[Dataset extract Boundary: Start]
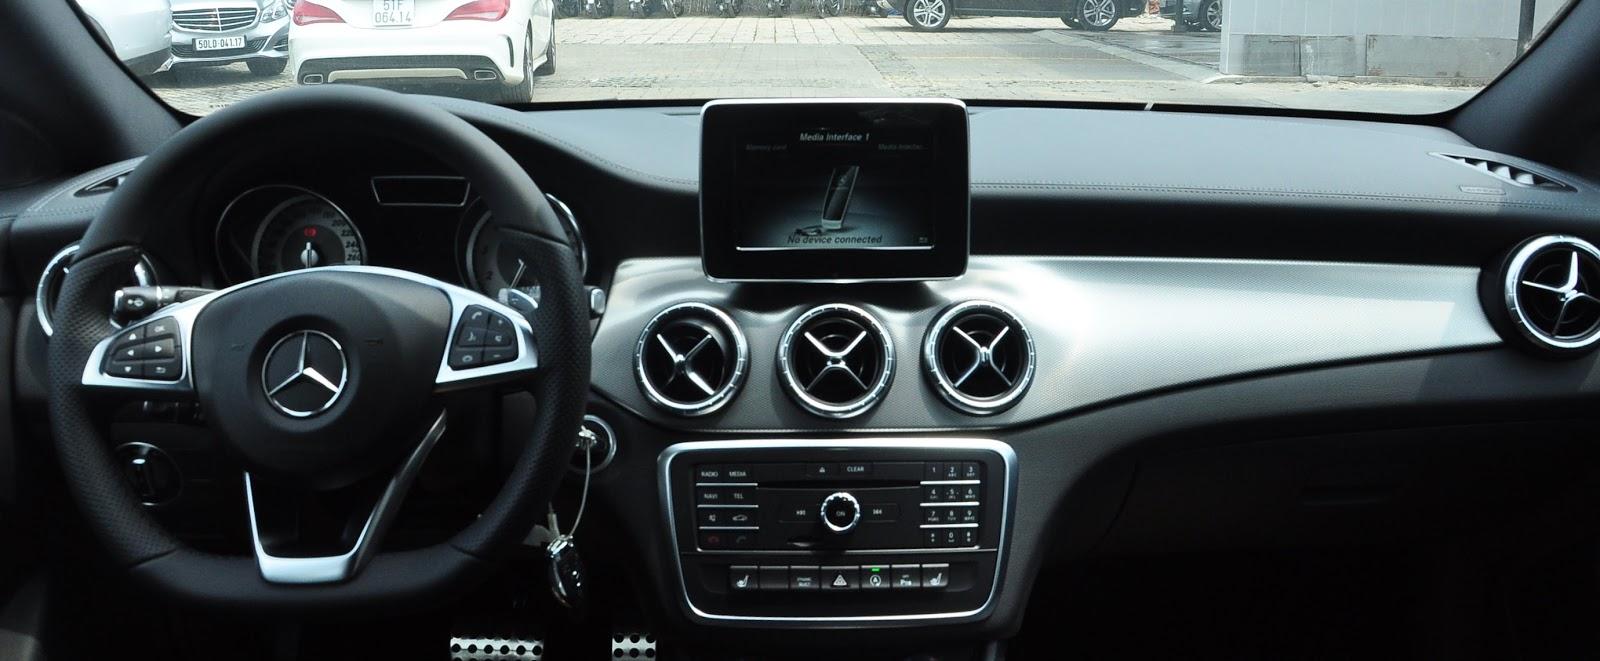 Nội thất xe Mercedes Benz CLA250 4MATIC New Model 02
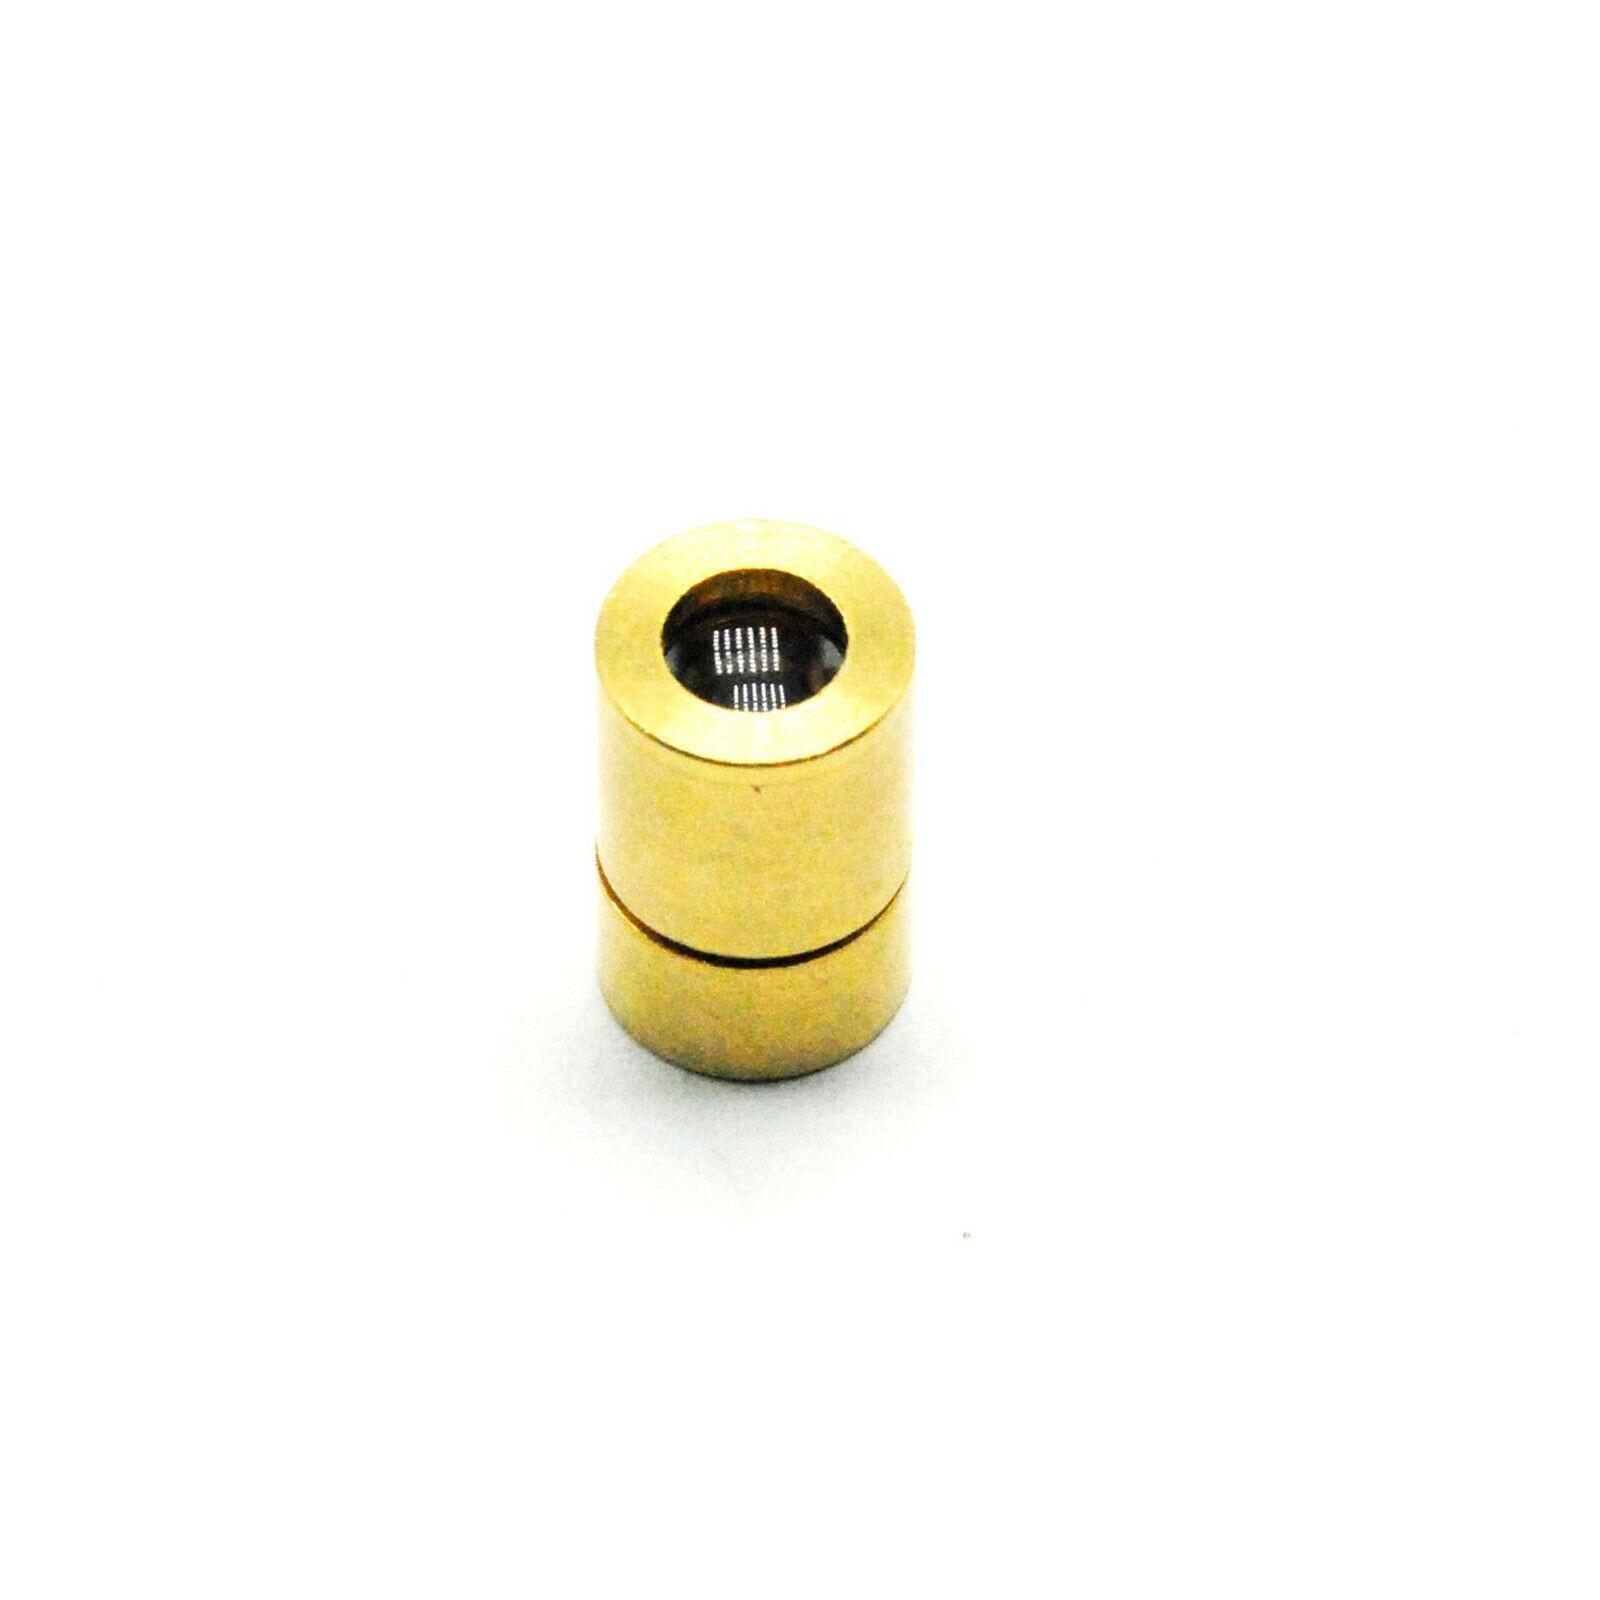 20шт 8x13 мм мини корпус для 5,6 мм ТО-18 лазер диод с 7 мм коллимирующий объектив
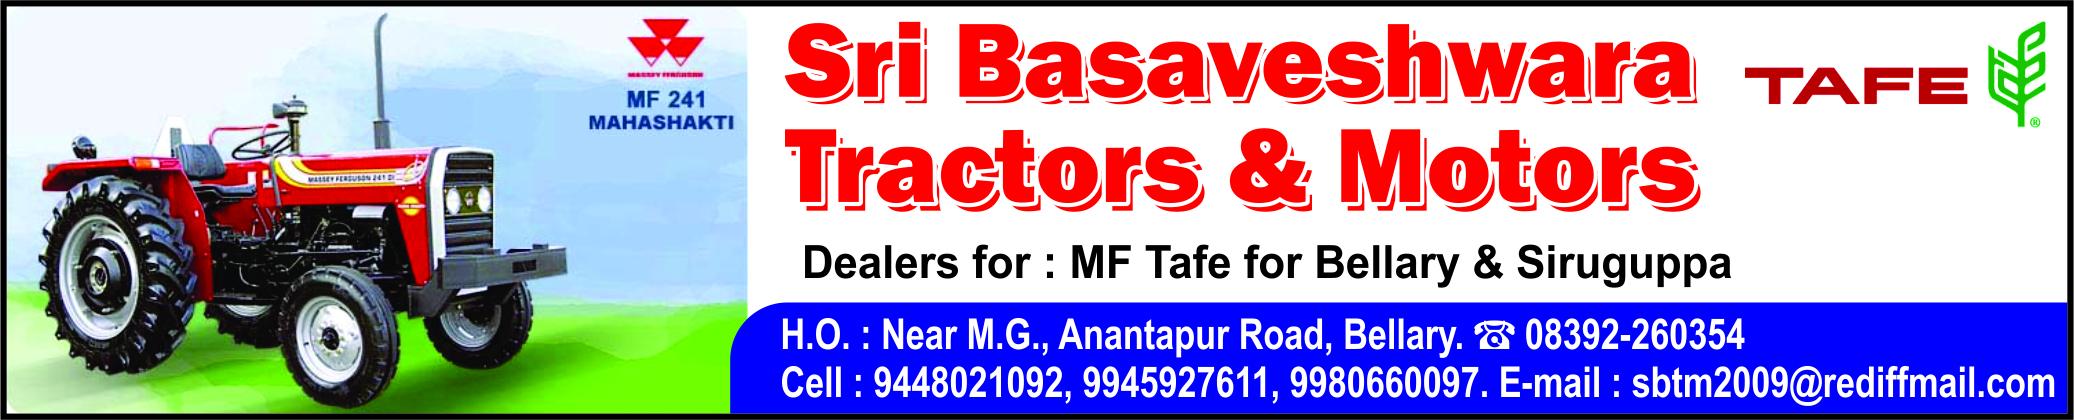 Sri Basaveshwara Tractors & Motors
[Dataset extract Boundary: End]
*Task goal*:
Everything in the listing, except its images, should be set down exactly.

*Solution to the exercise*:
 Nội thất xe Mercedes Benz CLA250 4MATIC New Model 02
 20шт 8x13 мм мини корпус для 5,6 мм ТО-18 лазер диод с 7 мм коллимирующий объектив
 Sri Basaveshwara Tractors & Motors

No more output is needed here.